In this 3-mark question, we were told that \(80\%\) of the total equals \(480\,000\small.\)

Probably the simplest way to work out what \(100\%\) equals is to lay our working out as follows.

As this is a Paper 1 (non-calculator) question, we need to think of an "easy" number that is a factor of both \(80\) and \(100\small.\) There are two good options that keep the arithmetic simple: \(10\) or \(20\small.\)

We will use \(20\%\) for the middle step. As an exercise, you might like to try the question again for yourself, but using \(10\%\) instead.

$$ \begin{eqnarray} 80\%\ &=& 480\,000 \\[6pt] \small\div\textsf{4} &\ & \small \div \textsf{4} \normalsize\\[6pt] 20\%\ &=& 120\,000 \\[6pt] \small \times \textsf{5} &\ & \small \times \textsf{5} \normalsize\\[6pt] 100\%\ &=& 600\,000 \\[6pt] \end{eqnarray} $$

So the total number of available tickets was \(600\,000\small.\)

This 3-mark non-calculator question is very similar to example 1 above.

The best common factor of \(75\) and \(100\) to use for the middle step is \(25\small.\) To keep the arithmetic as simple as possible, we should usually try to think of the highest common factor.

$$ \begin{eqnarray} 75\%\ &=& 2400 \\[6pt] \small\div\textsf{3} &\ & \small \div \textsf{3} \normalsize\\[6pt] 25\%\ &=& 800 \\[6pt] \small \times \textsf{4} &\ & \small \times \textsf{4} \normalsize\\[6pt] 100\%\ &=& 3200 \\[6pt] \end{eqnarray} $$

So the band sold \(3200\) tickets for their Glasgow gig.

This is a reverse percentage question.

We think of the original price as \(100\%\).

So the sale price is \(100\%-20\%=80\%\) of the original price.

Method 1:

Create an equation. Let's use \(x\) for the original price.

$$ \begin{eqnarray} \small\textsf{sale price}\normalsize &=& 80\% \small\textsf{ of original price}\normalsize \\[6pt] 48 &=& 0.8x \\[6pt] x &=& \frac{48}{0.8} \\[6pt] x &=& \frac{480}{8}\:\small\textsf{ (x10 top and bottom)}\normalsize \\[6pt] x &=& 60 \end{eqnarray} $$

So the original price was £60.

Method 2:

This method doesn't use algebra. Some people find it easier.

Because this is a non-calculator question, we don't use 1% for the middle step.
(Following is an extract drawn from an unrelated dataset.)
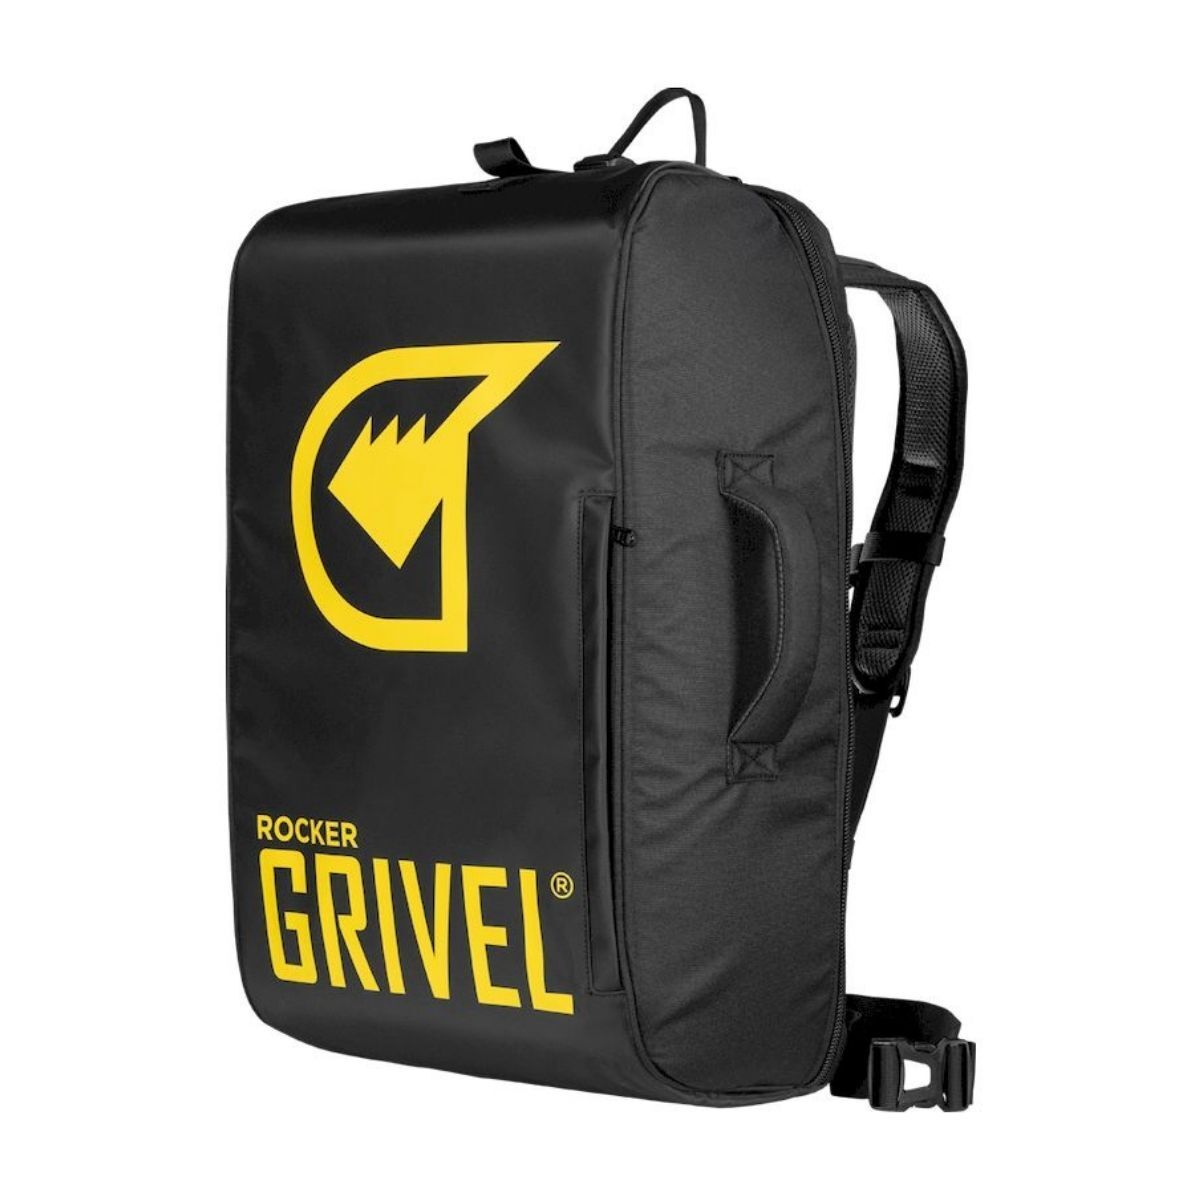 Grivel Rocker - Climbing backpack

Instead, we choose a nice, round number that is a factor of both 80 and 100. We used 10%, but 20% would also work well.

$$ \begin{eqnarray} 80\%\ \small\textsf{of the original price}\normalsize &=& £48 \\[6pt] \small\div\textsf{8} &\ & \small \div \textsf{8} \normalsize\\[6pt] 10\%\ \small\textsf{of the original price}\normalsize &=& £6 \\[6pt] \small \times \textsf{10} &\ & \small \times \textsf{10} \normalsize\\[6pt] 100\%\ \small\textsf{of the original price}\normalsize &=& £60 \\[6pt] \end{eqnarray} $$

Again, we think of the original number as \(100\%\).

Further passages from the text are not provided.